# INSTRUCTIONS FOR THE TASK
What follows is a listing to transcribe exactly, leaving the pictures out.

# EXERCISE DATA
**********
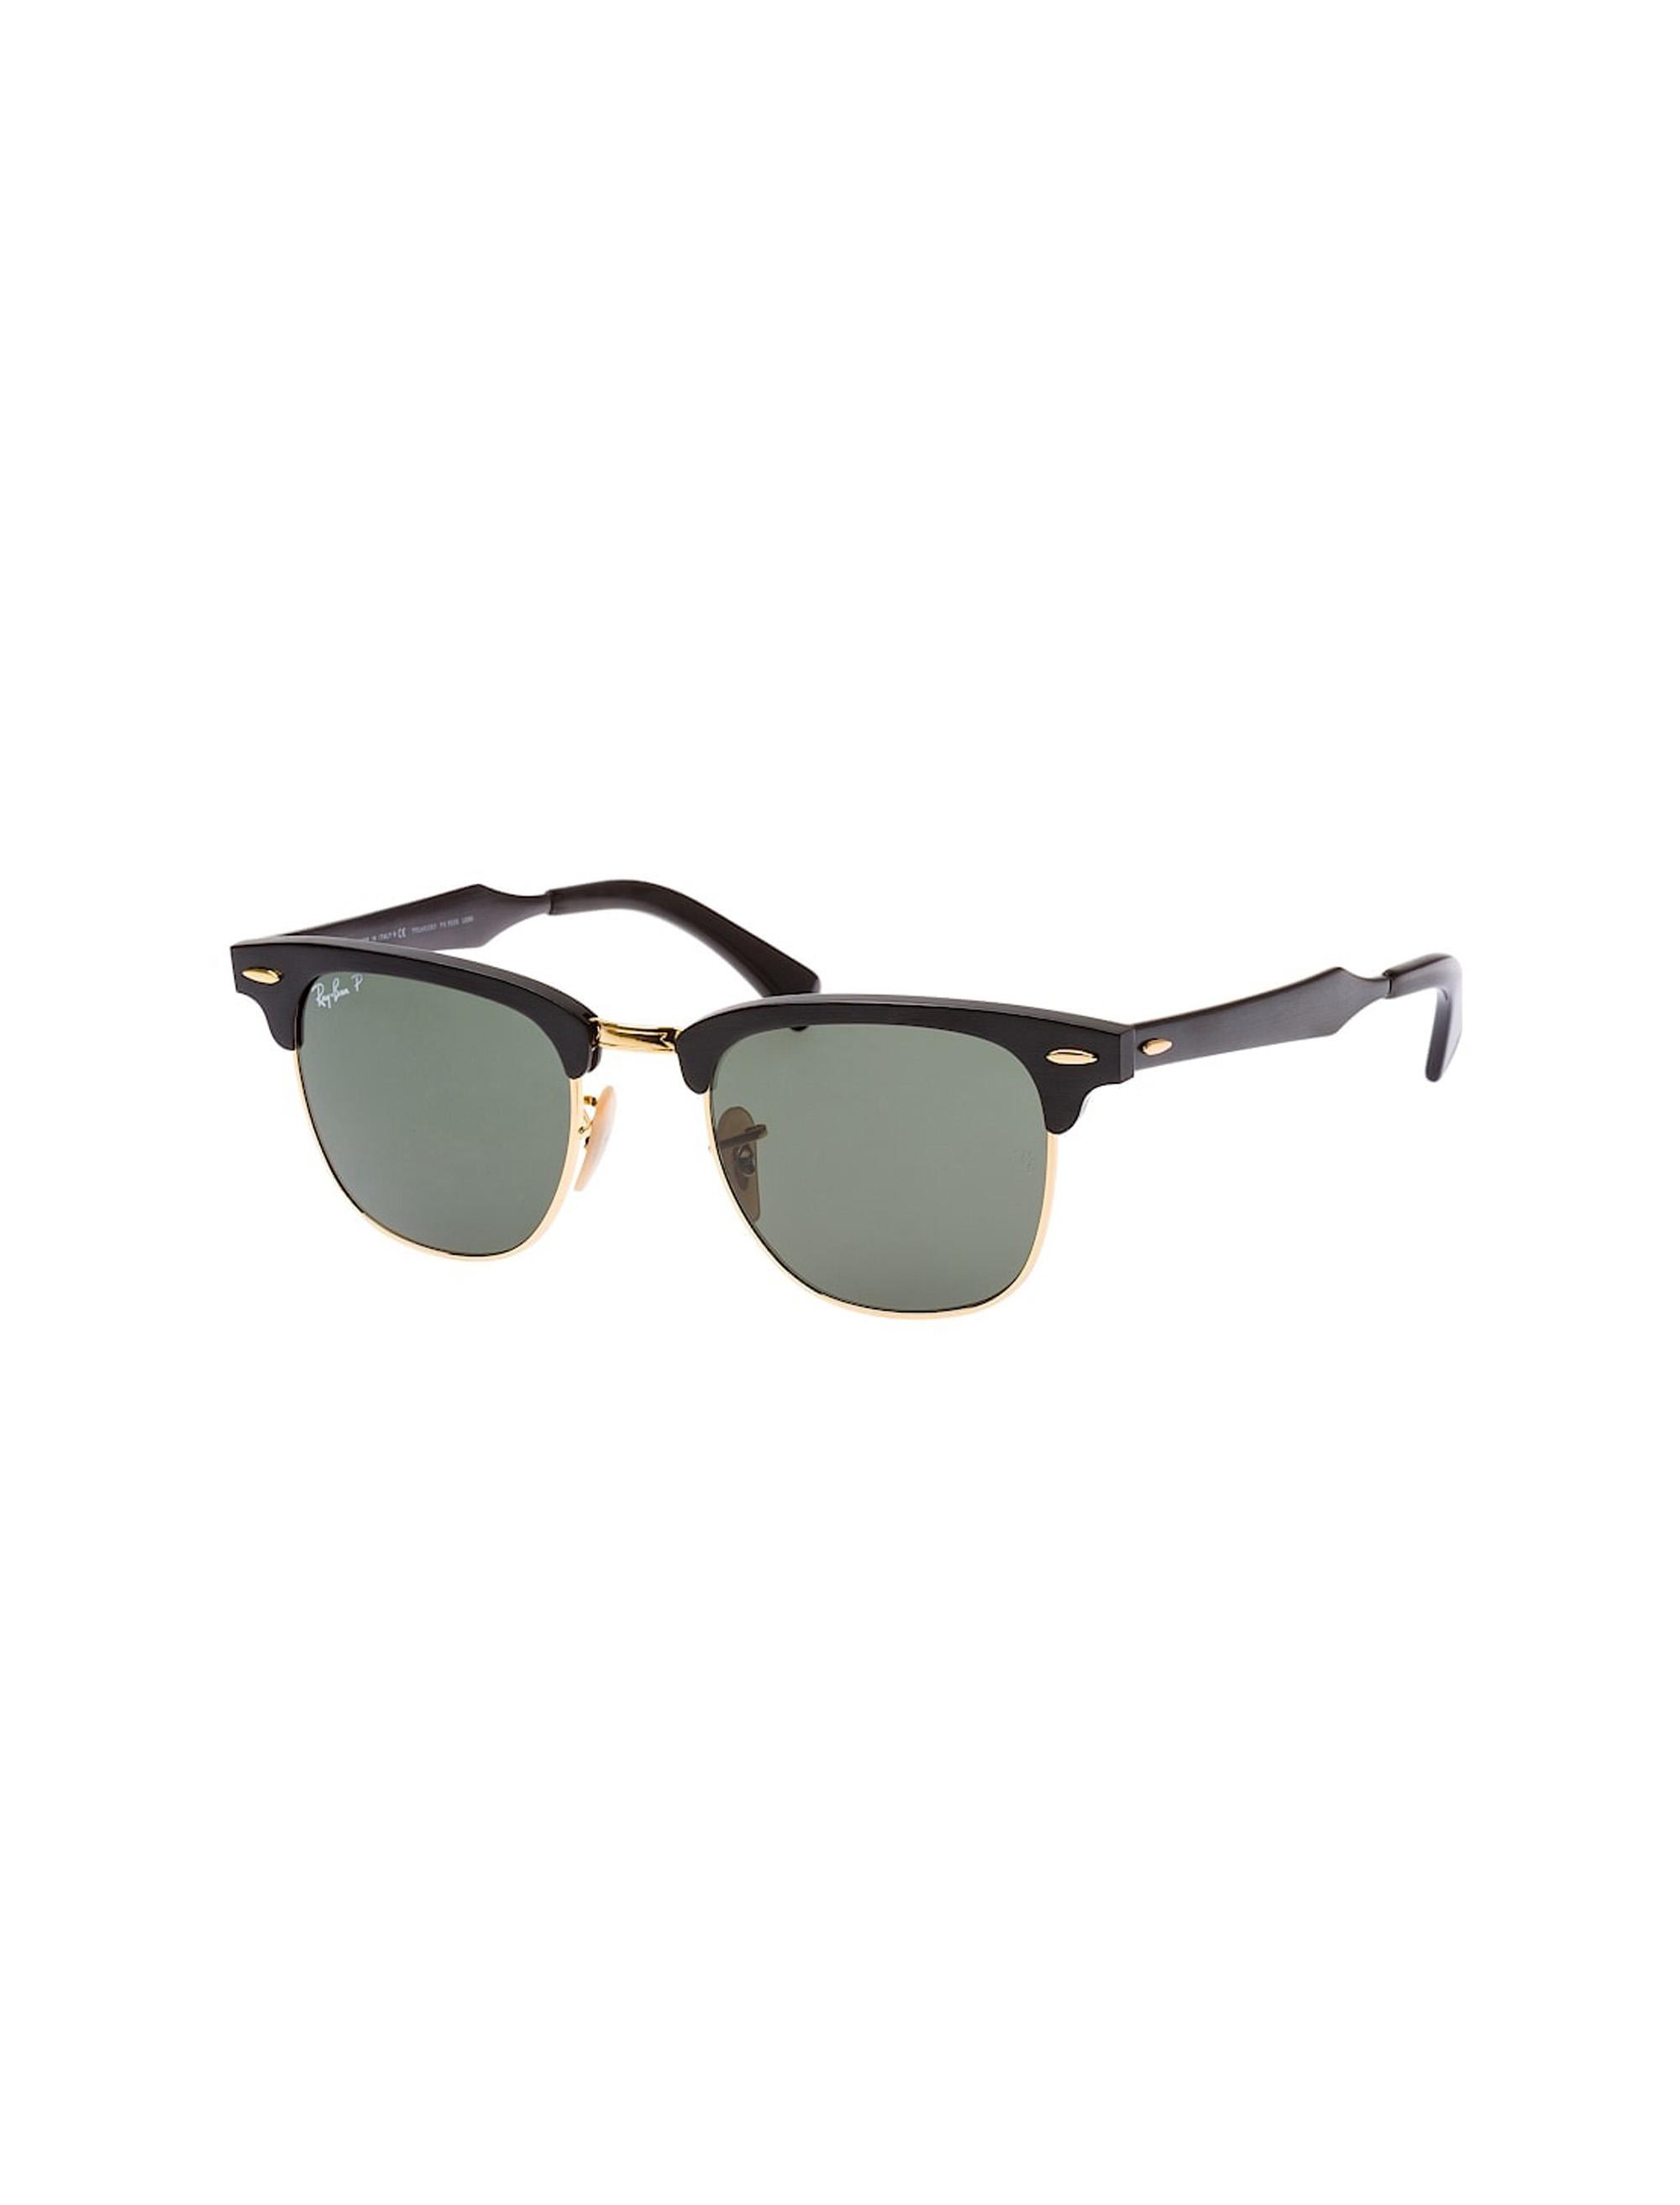 عینک آفتابی ری بن مدل 3507-136/N5
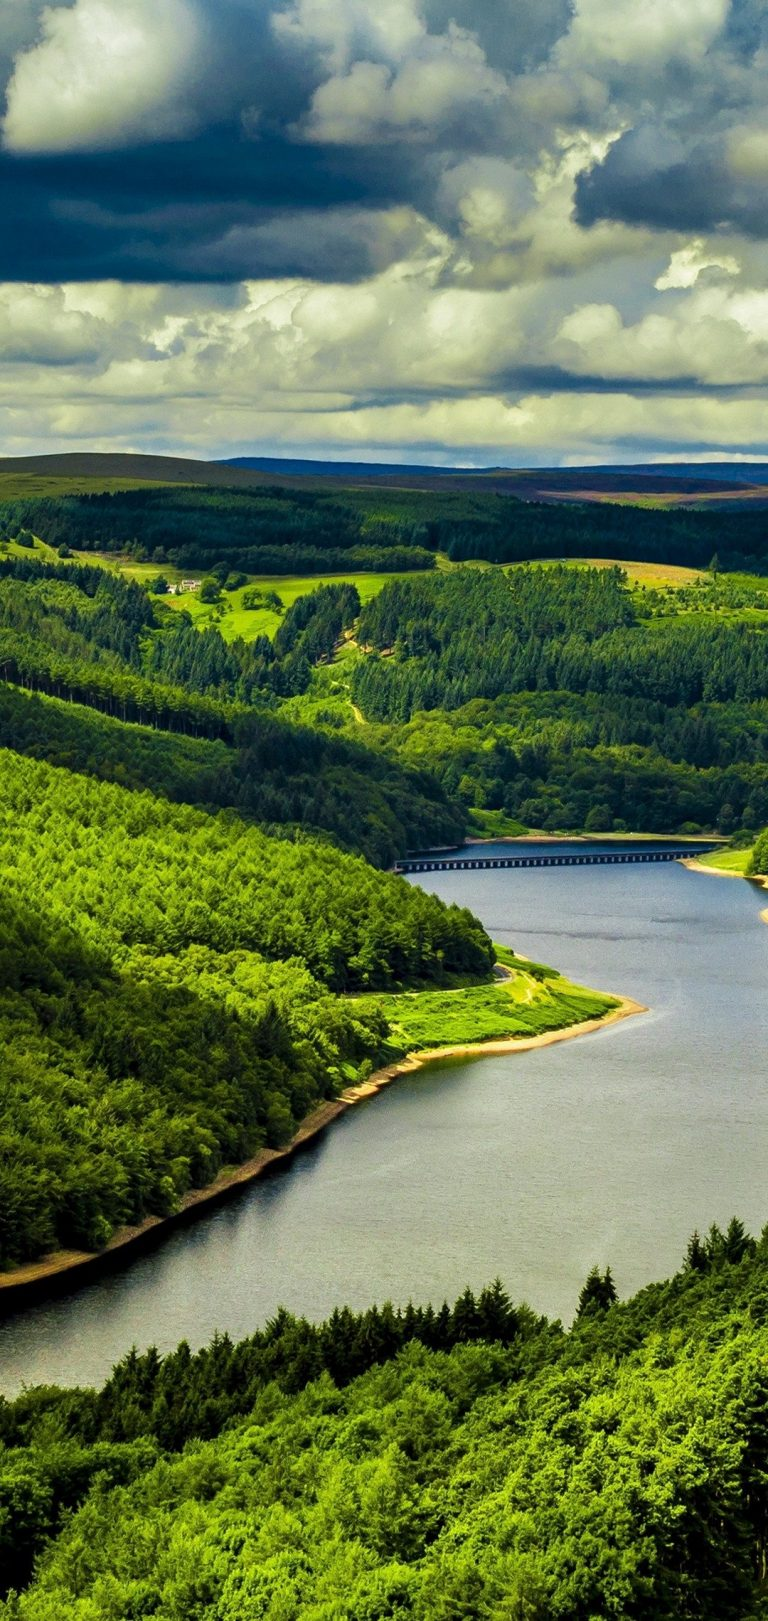 Beautiful River Mountains Wallpaper 1080x2280 768x1621
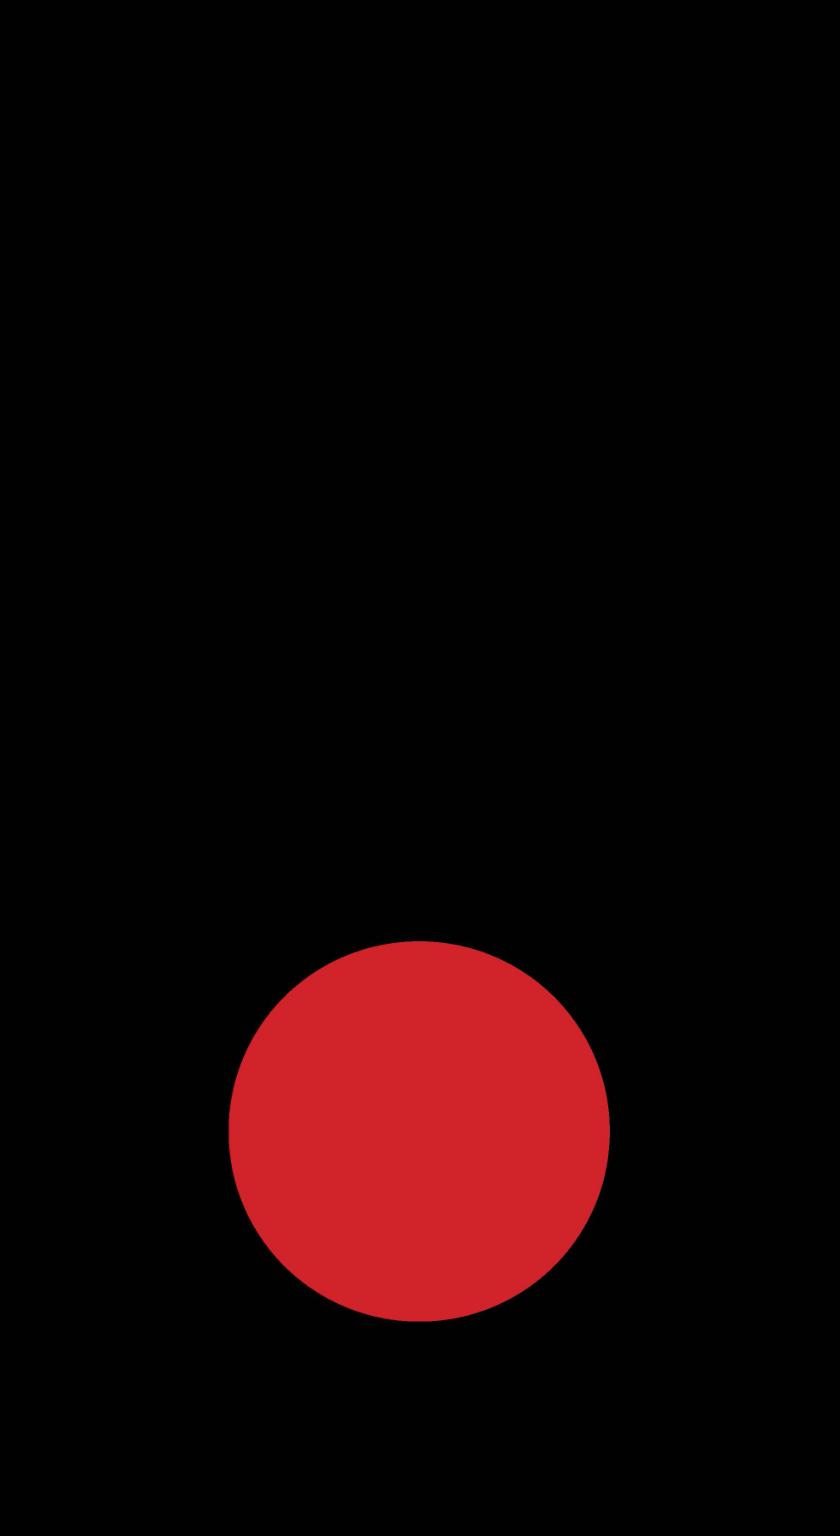 Kubrick ebook homepage display
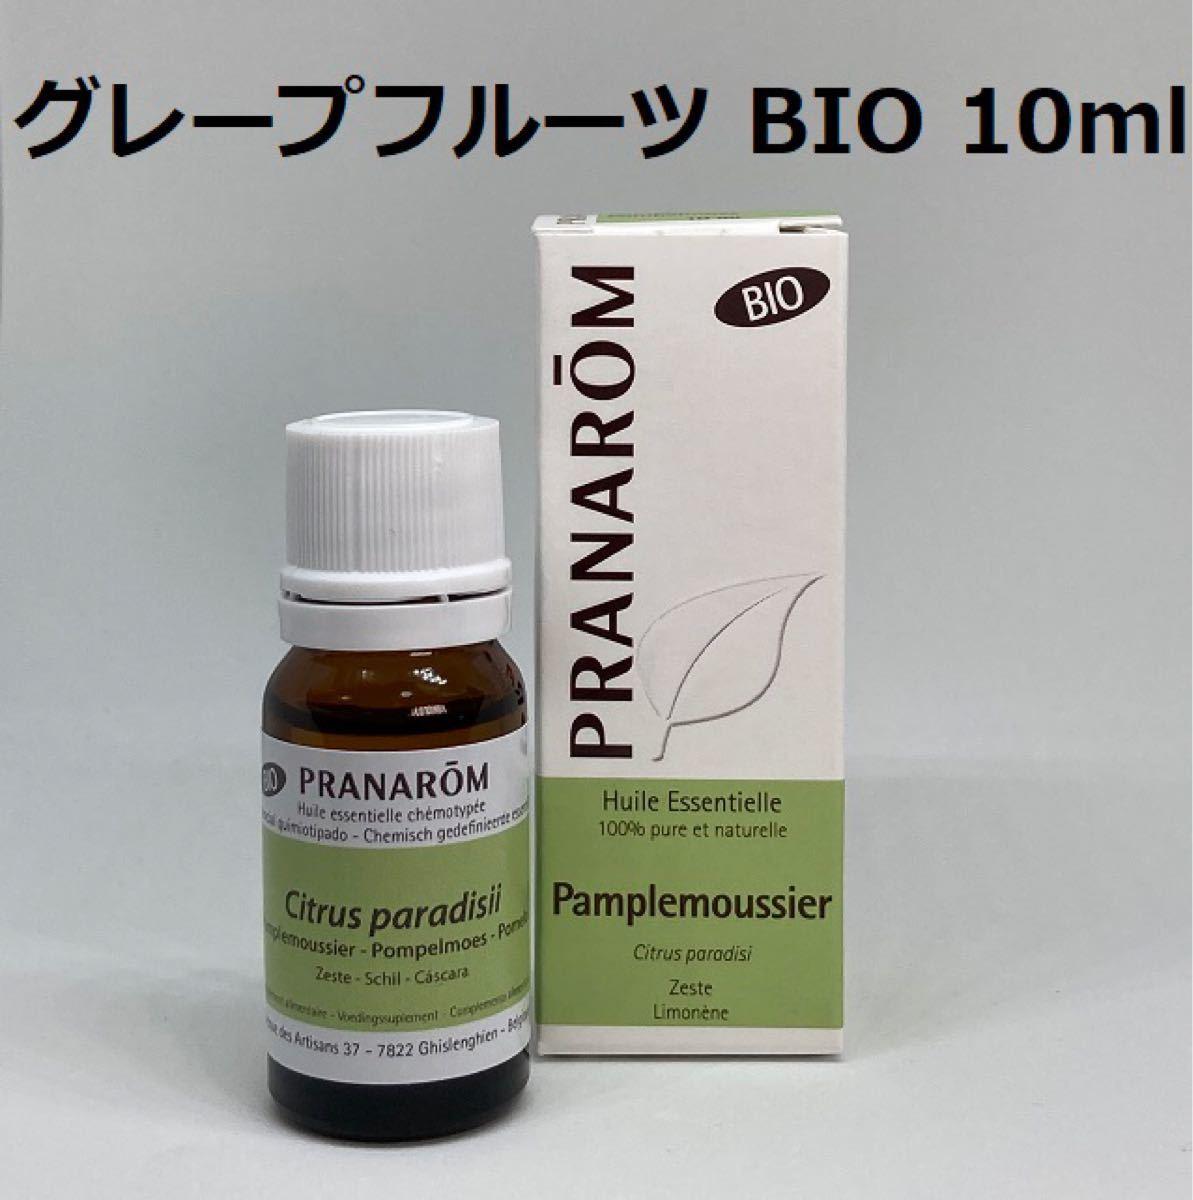 プラナロム グレープフルーツ BIO 10ml 精油 PRANAROM アロマ
**********
# RESULT FOR THIS TASK
 عینک آفتابی ری بن مدل 3507-136/N5
 Beautiful River Mountains Wallpaper 1080x2280 768x1621
 Kubrick ebook homepage display
 プラナロム グレープフルーツ BIO 10ml 精油 PRANAROM アロマ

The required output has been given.